→ Given information
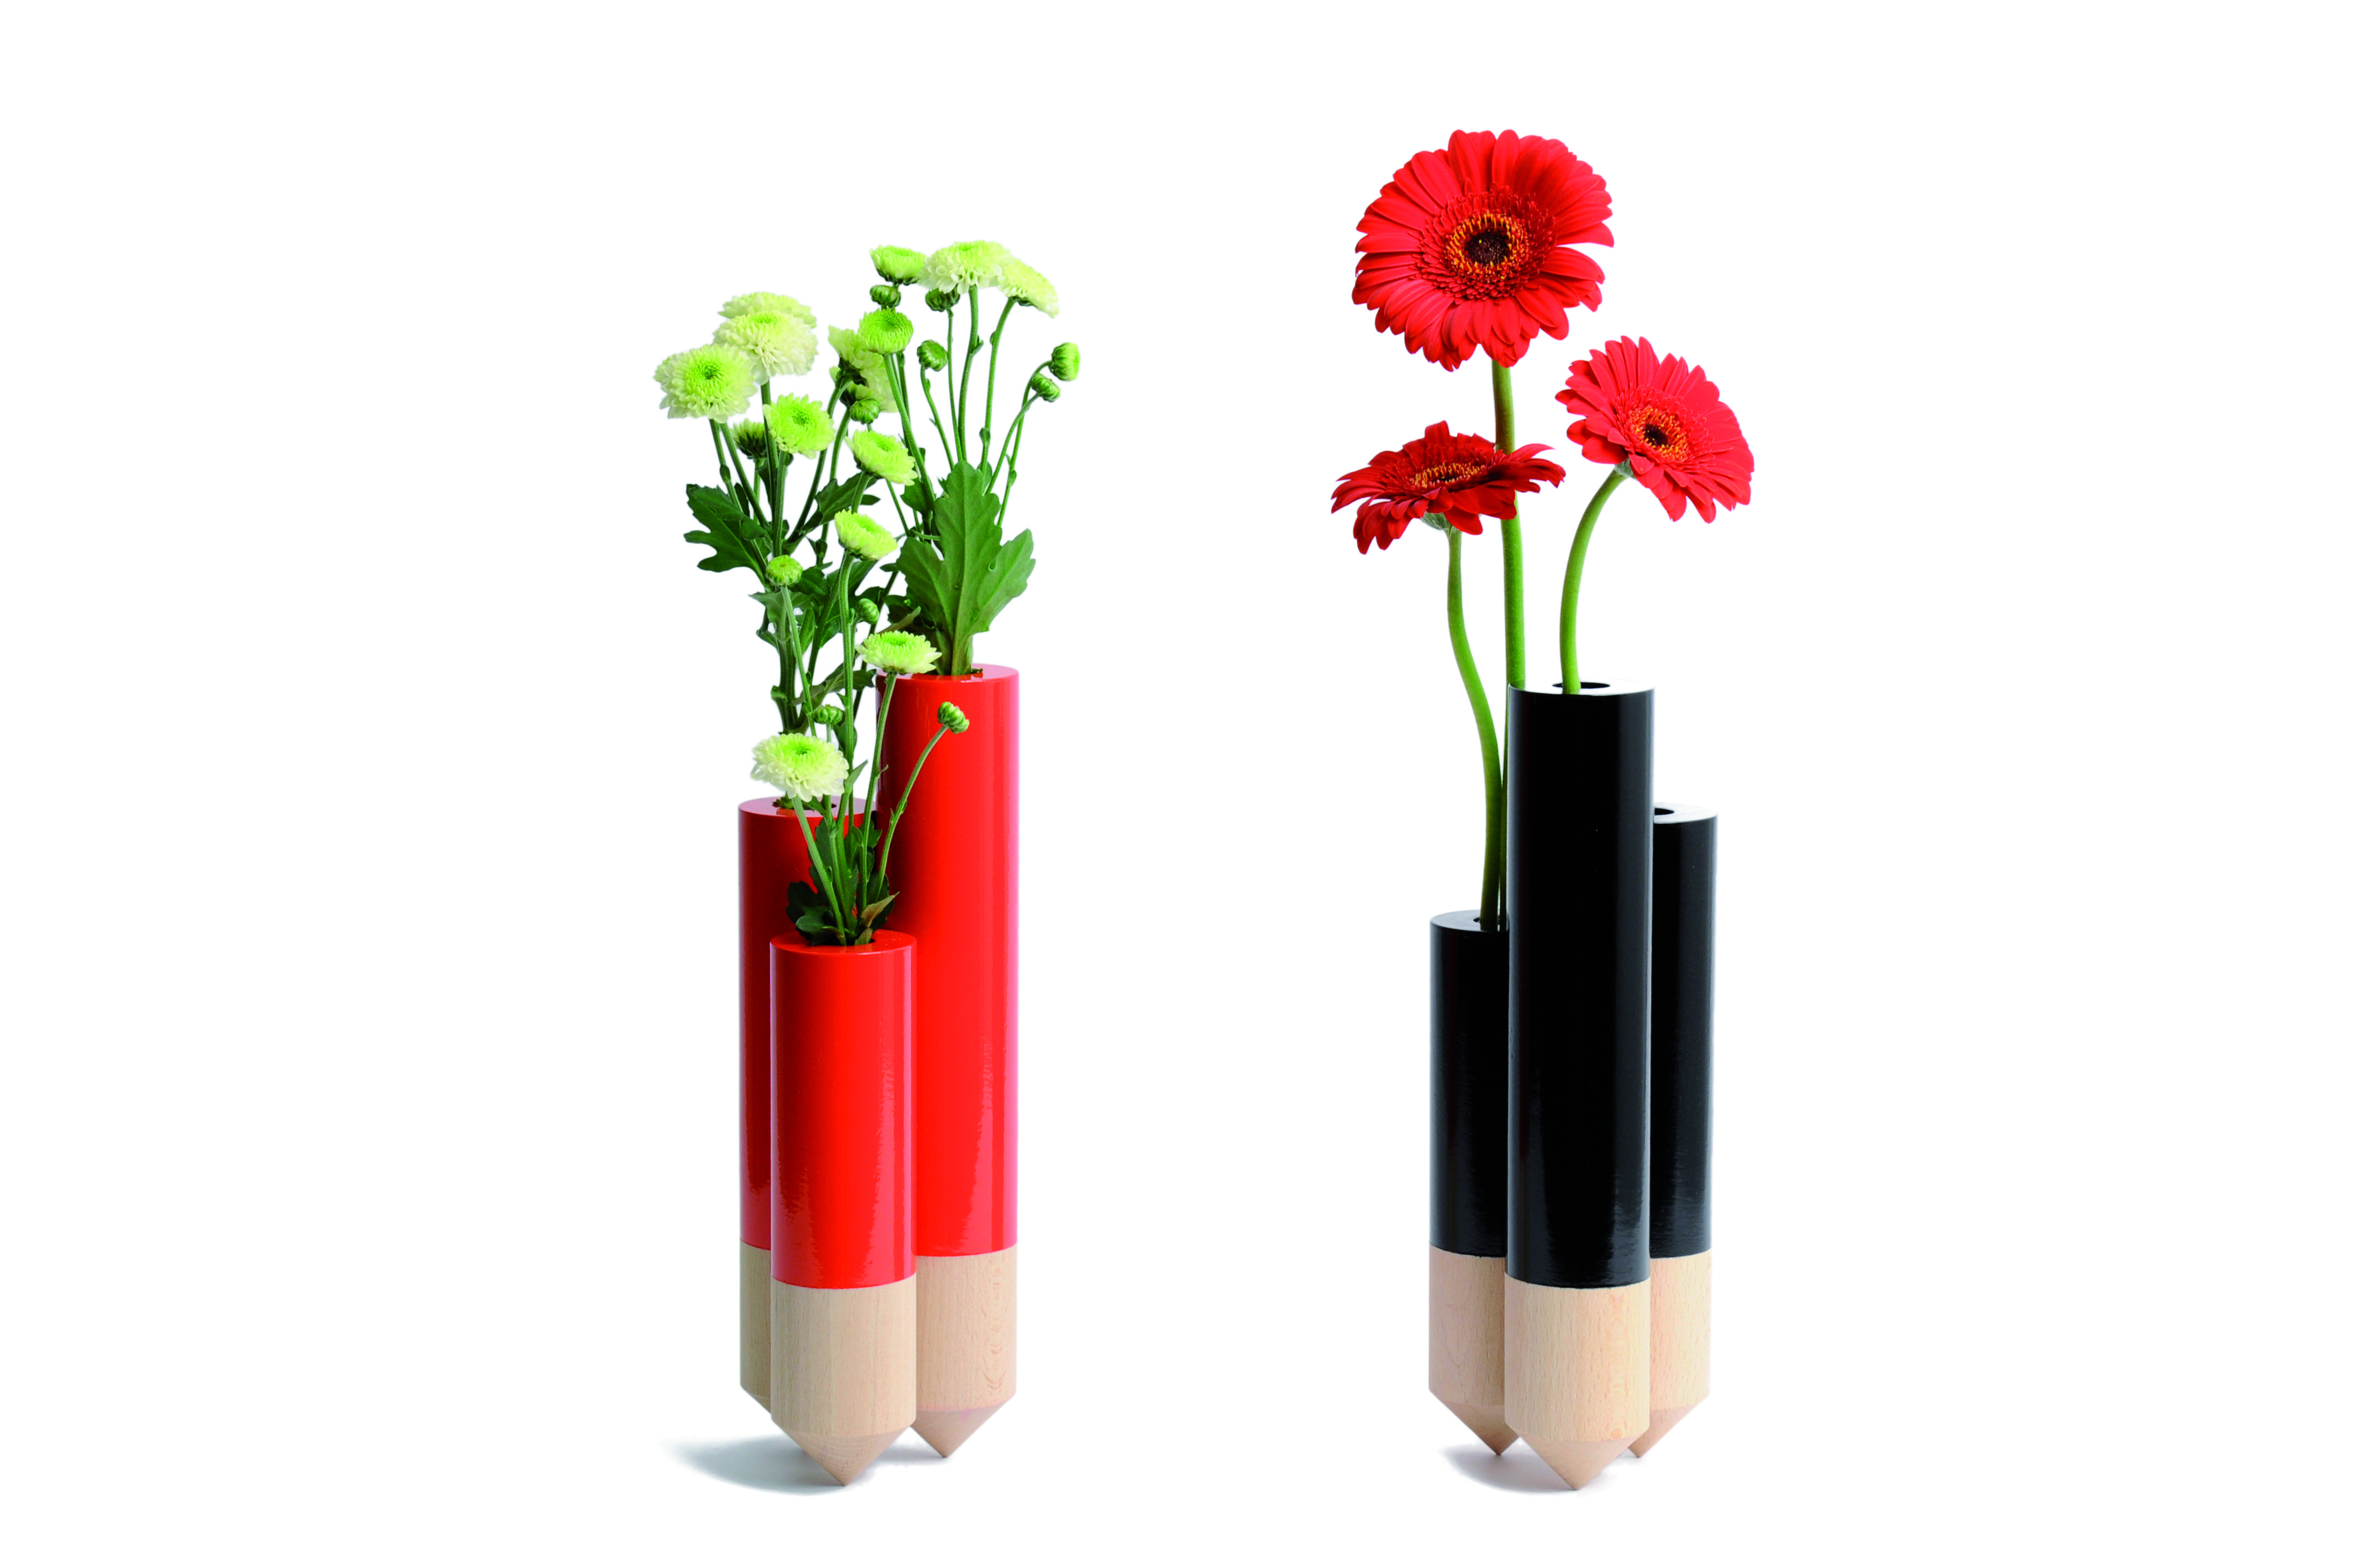 Pik Soliflore by Y'A PAS LE FEU https://goo.gl/sD0AG2 #geniusdesign_international #geniusdesign #gift #Motherday
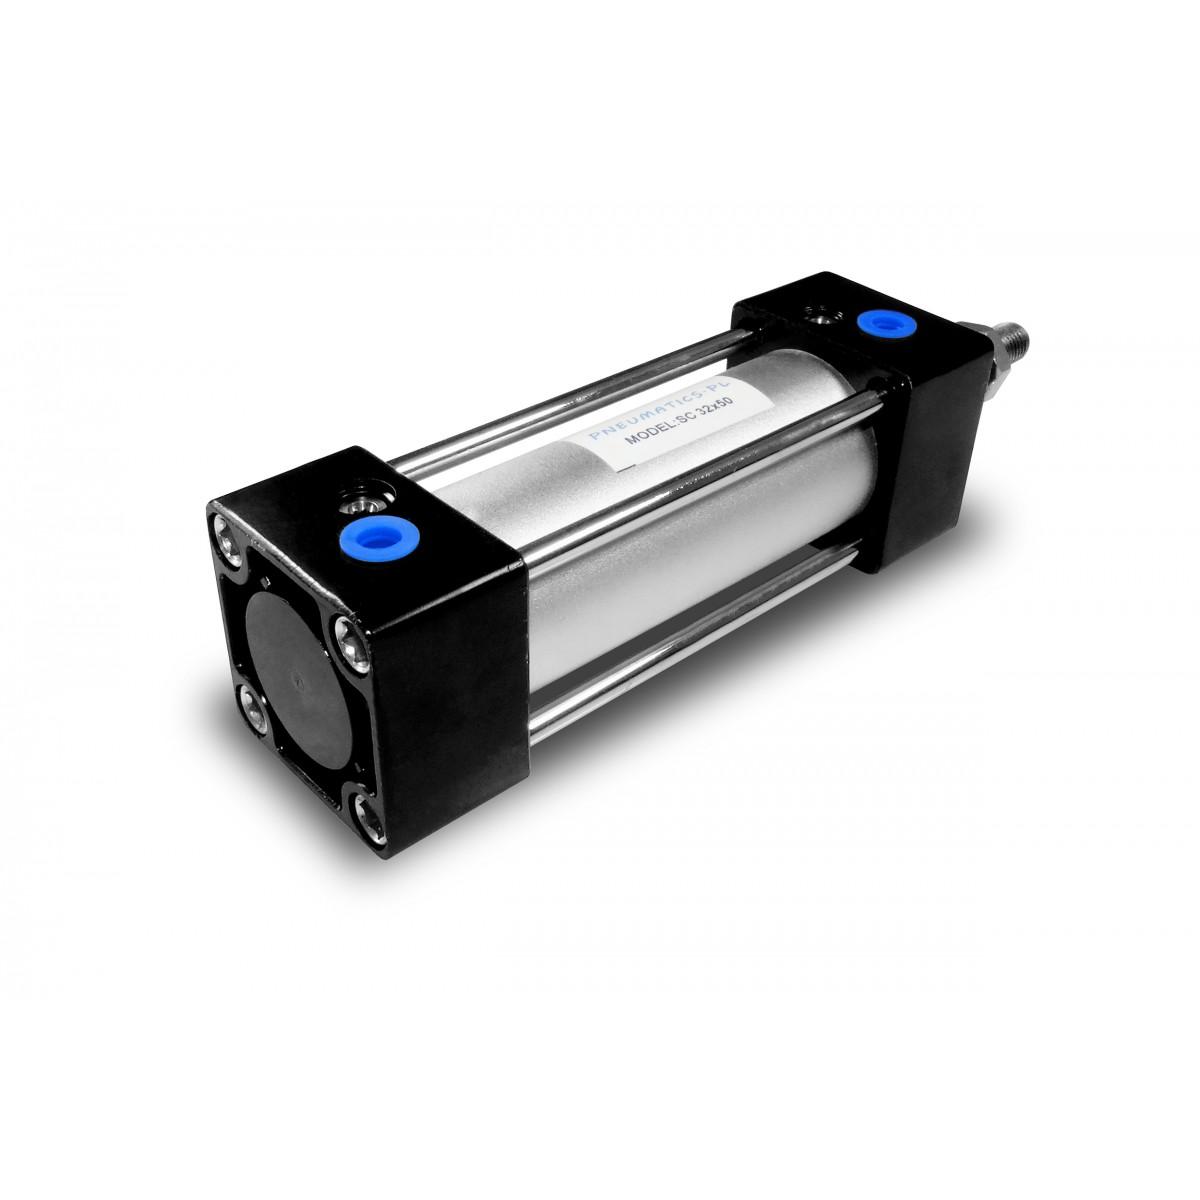 SC 100x320 ARIA CILINDRO potenza idraulica CILINDRO CILINDRO aircylinder CTSE 100x320
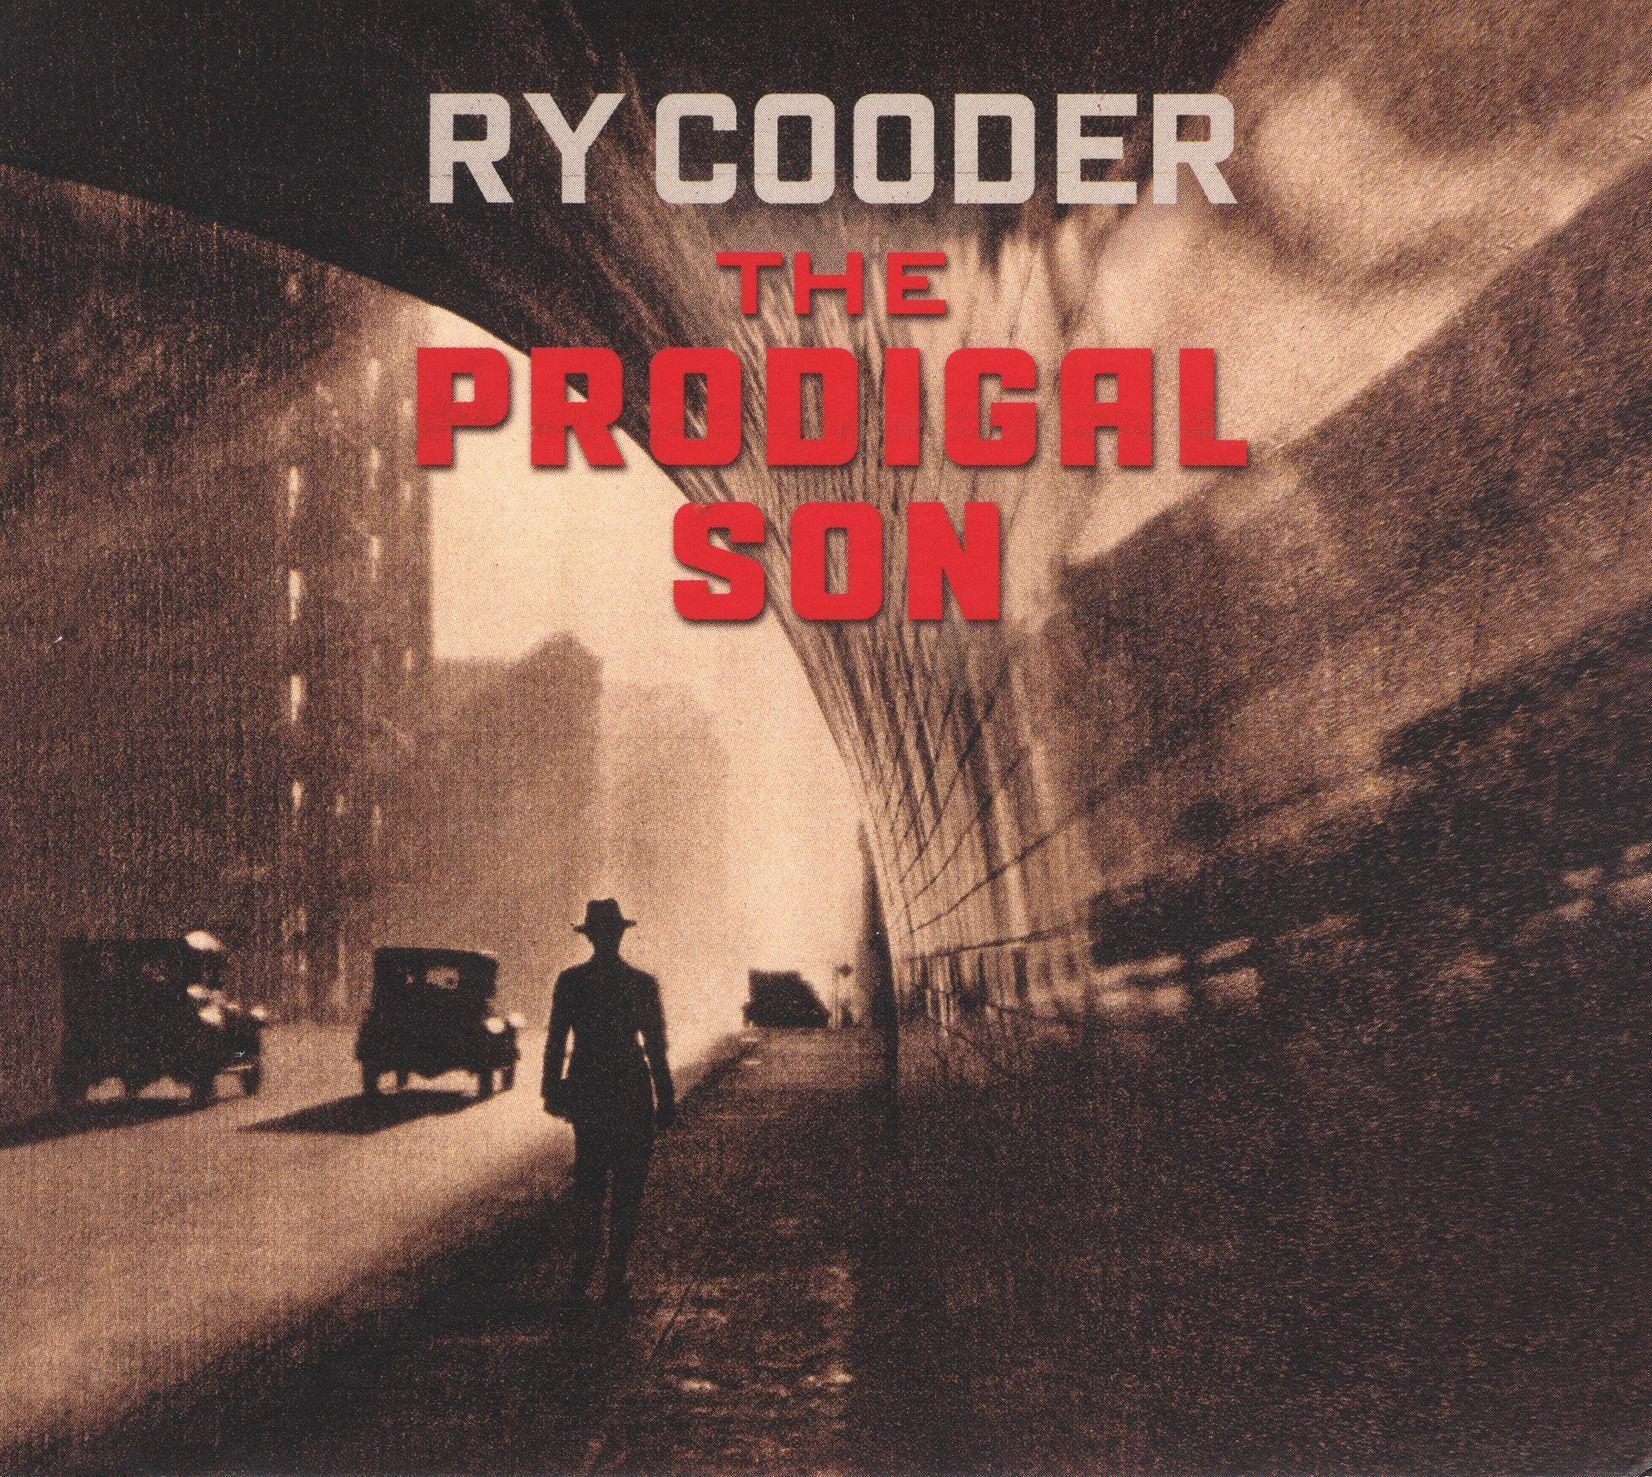 Ry Cooder - The Prodigal Son album cover

→ Task directions
The job is to return the listing above exactly, minus its pictures.

→ Response to the task
 Pik Soliflore by Y'A PAS LE FEU https://goo.gl/sD0AG2 #geniusdesign_international #geniusdesign #gift #Motherday
 SC 100x320 ARIA CILINDRO potenza idraulica CILINDRO CILINDRO aircylinder CTSE 100x320
 Ry Cooder - The Prodigal Son album cover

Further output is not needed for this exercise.